Segment Start: DATASET ENTRIES
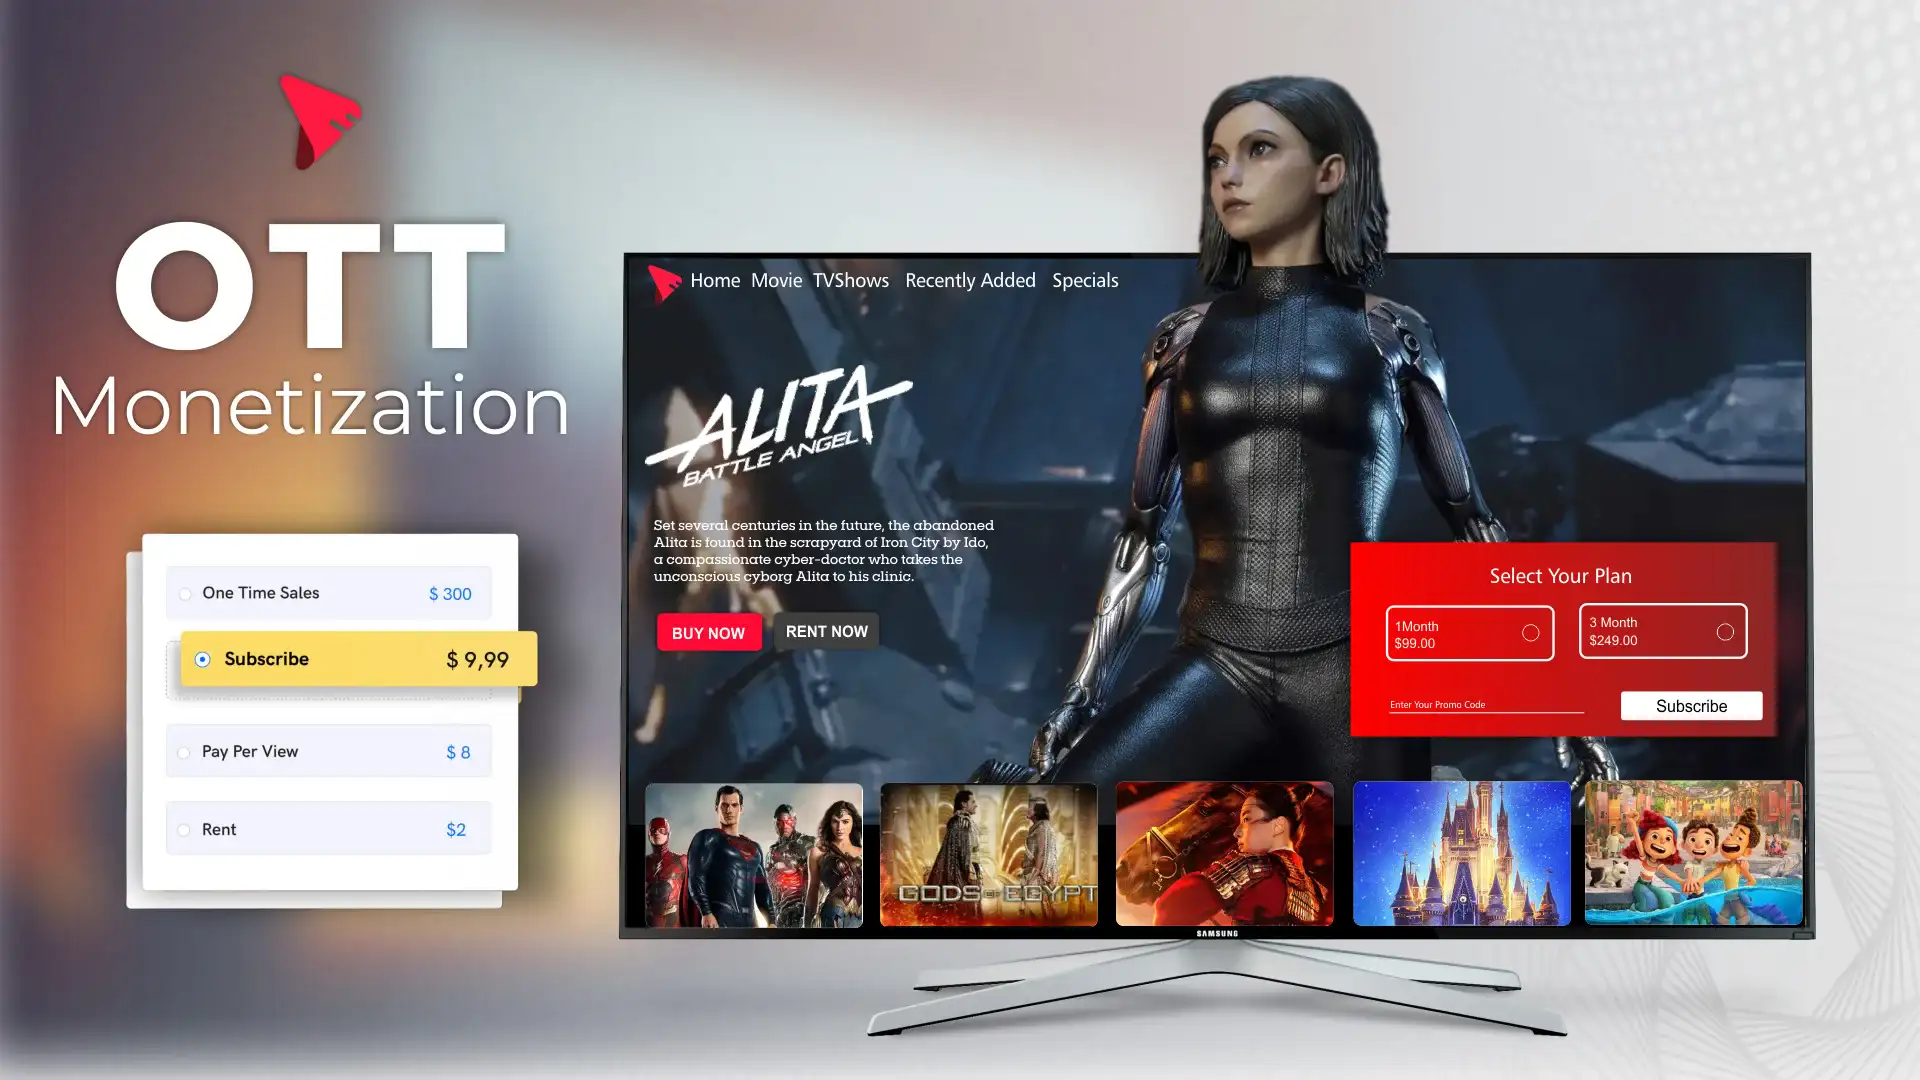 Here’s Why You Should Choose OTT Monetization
Segment End: DATASET ENTRIES
Segment Start: DATASET ENTRIES
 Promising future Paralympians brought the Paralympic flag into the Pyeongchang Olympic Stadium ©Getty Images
Segment End: DATASET ENTRIES
Segment Start: DATASET ENTRIES
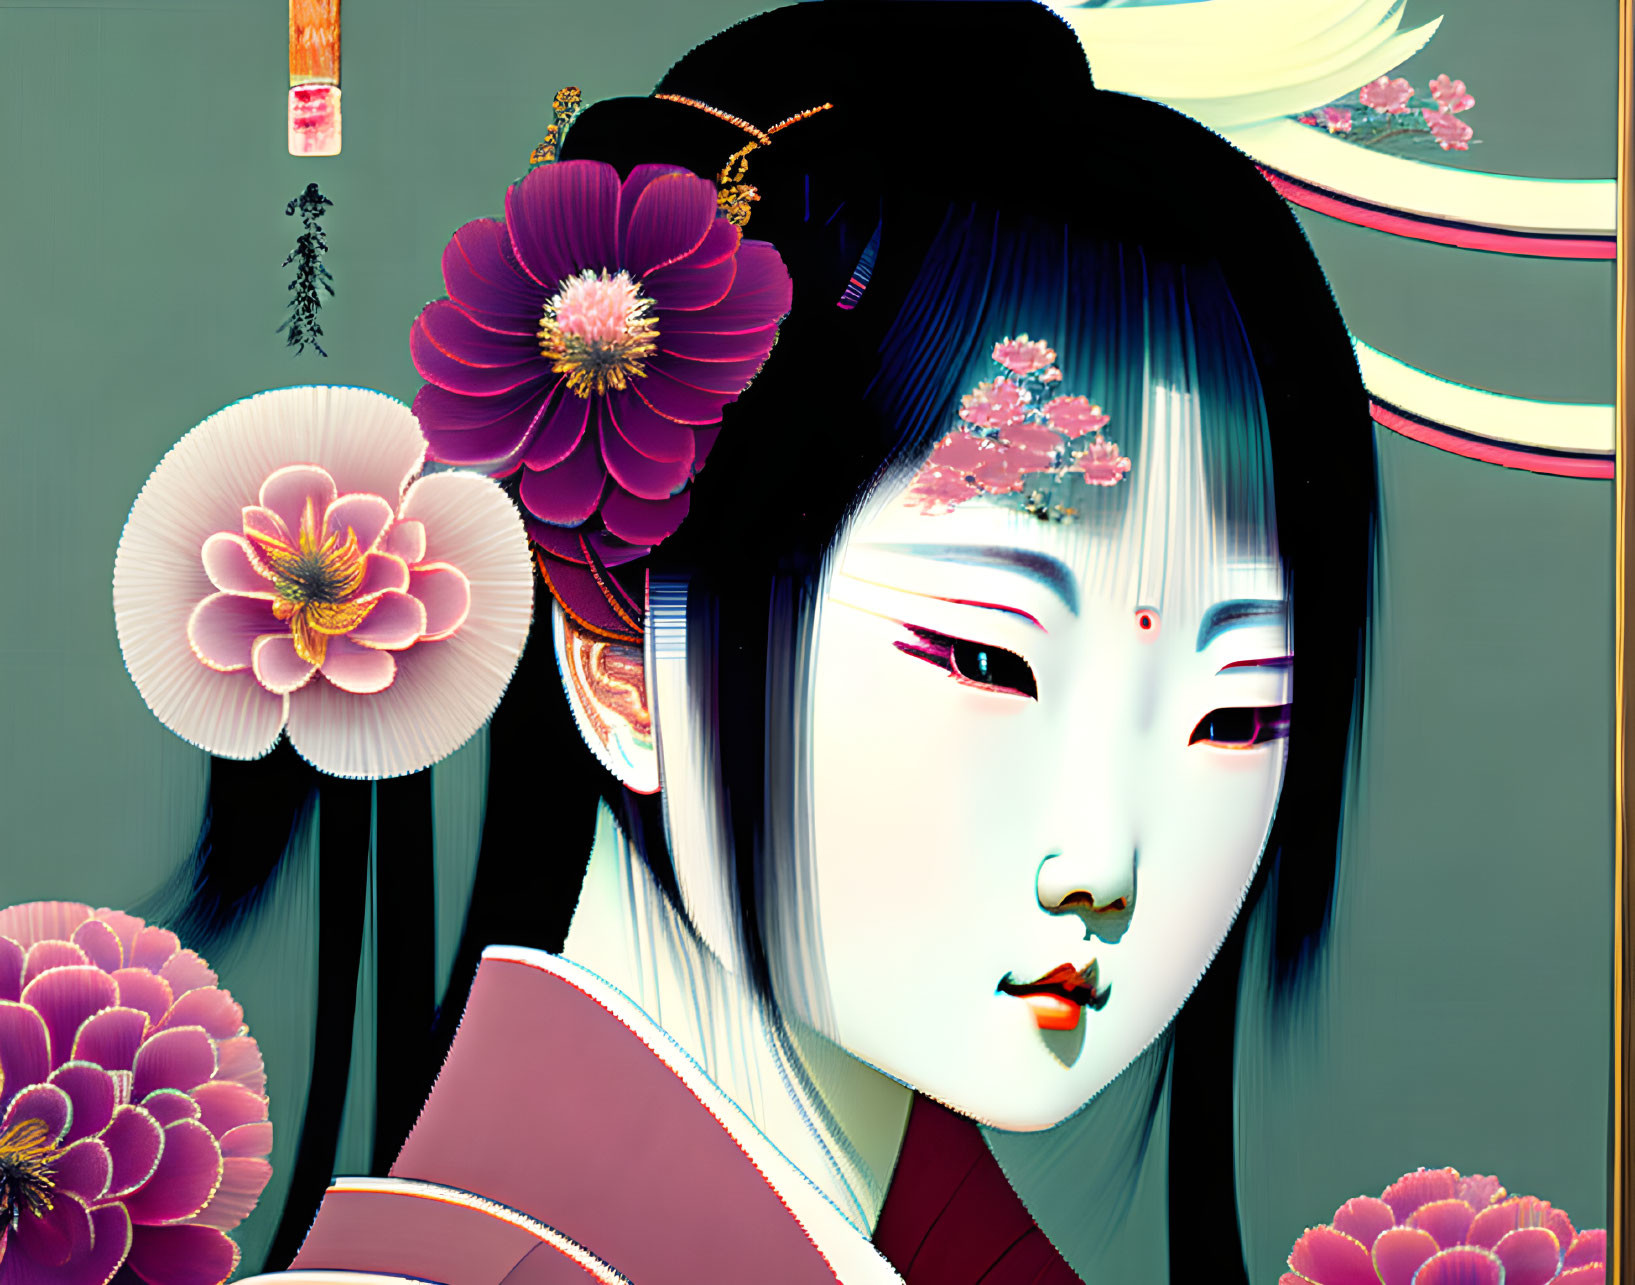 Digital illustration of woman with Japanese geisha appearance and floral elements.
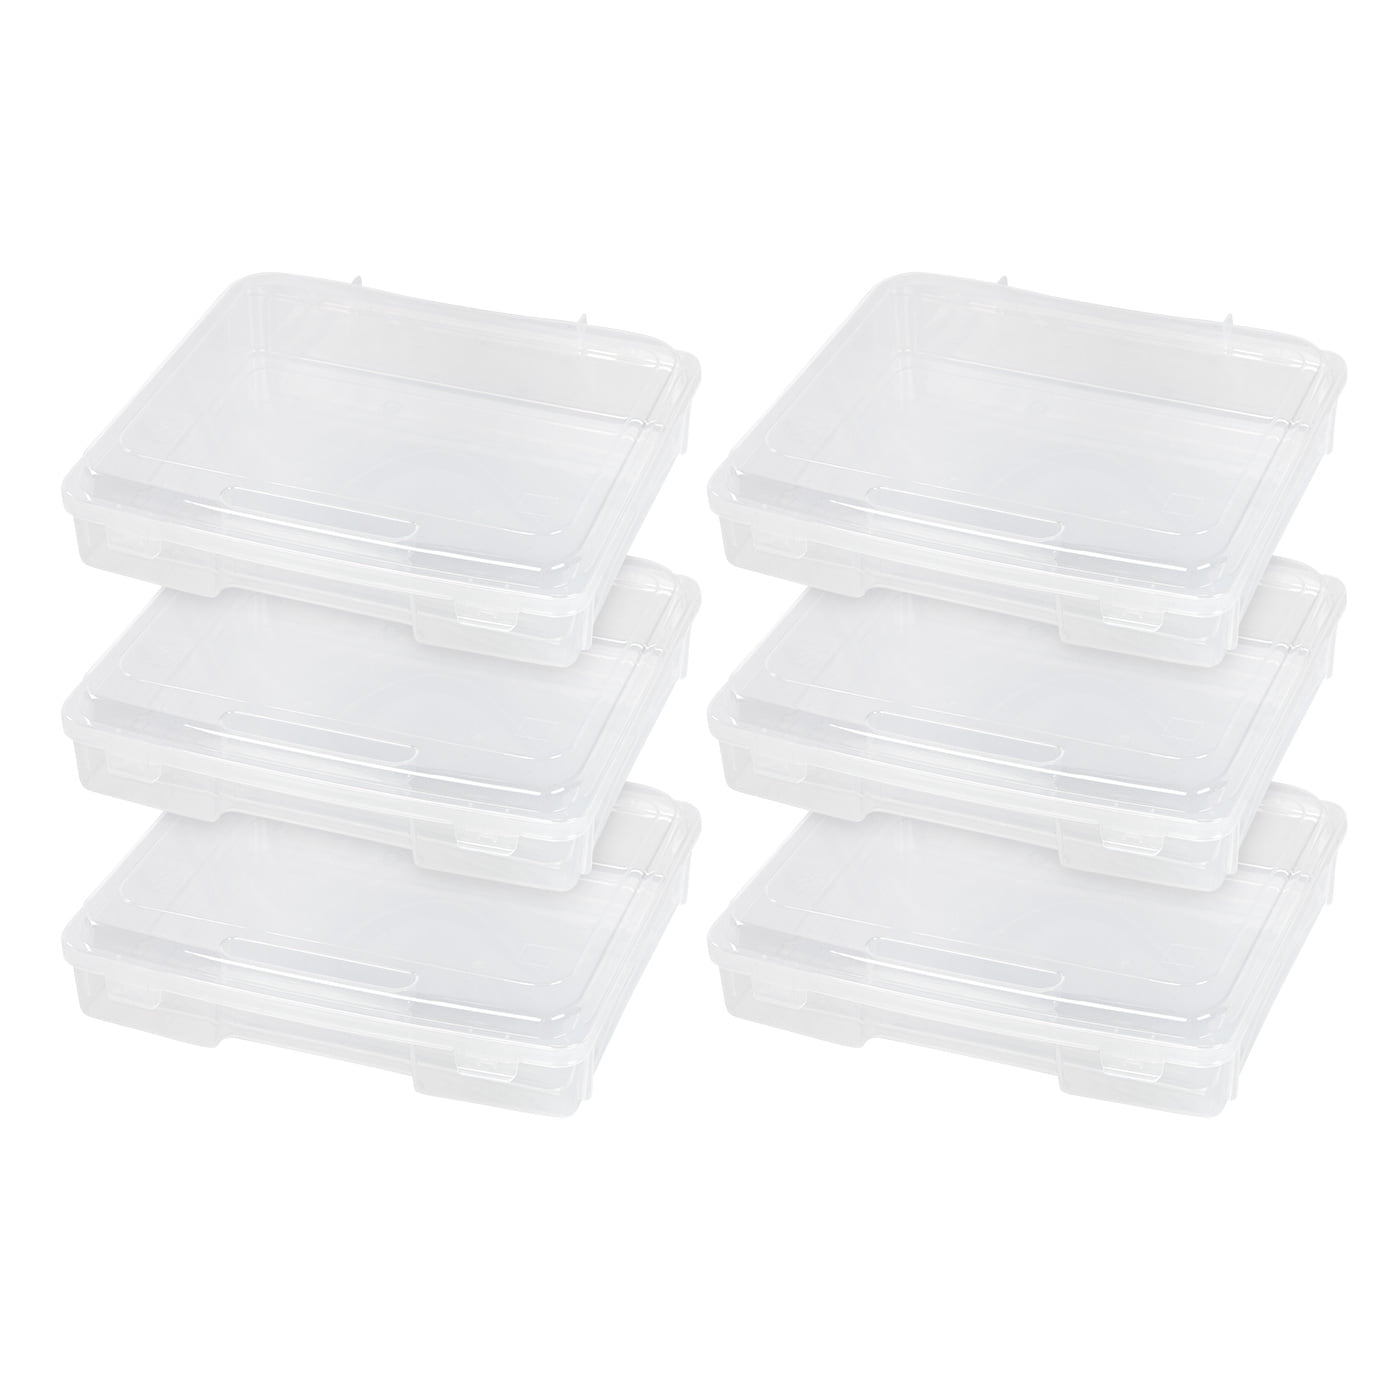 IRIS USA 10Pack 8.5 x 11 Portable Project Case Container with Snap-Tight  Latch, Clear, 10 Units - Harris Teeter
Segment End: DATASET ENTRIES
▶ EXERCISE BRIEF:
I'd like the lines above repeated exactly, from the one that contains "Digital illustration of" through the one that contains "IRIS USA 10Pack", with no pictures.

▶ EXPECTED ANSWER:
 Digital illustration of woman with Japanese geisha appearance and floral elements.
 IRIS USA 10Pack 8.5 x 11 Portable Project Case Container with Snap-Tight  Latch, Clear, 10 Units - Harris Teeter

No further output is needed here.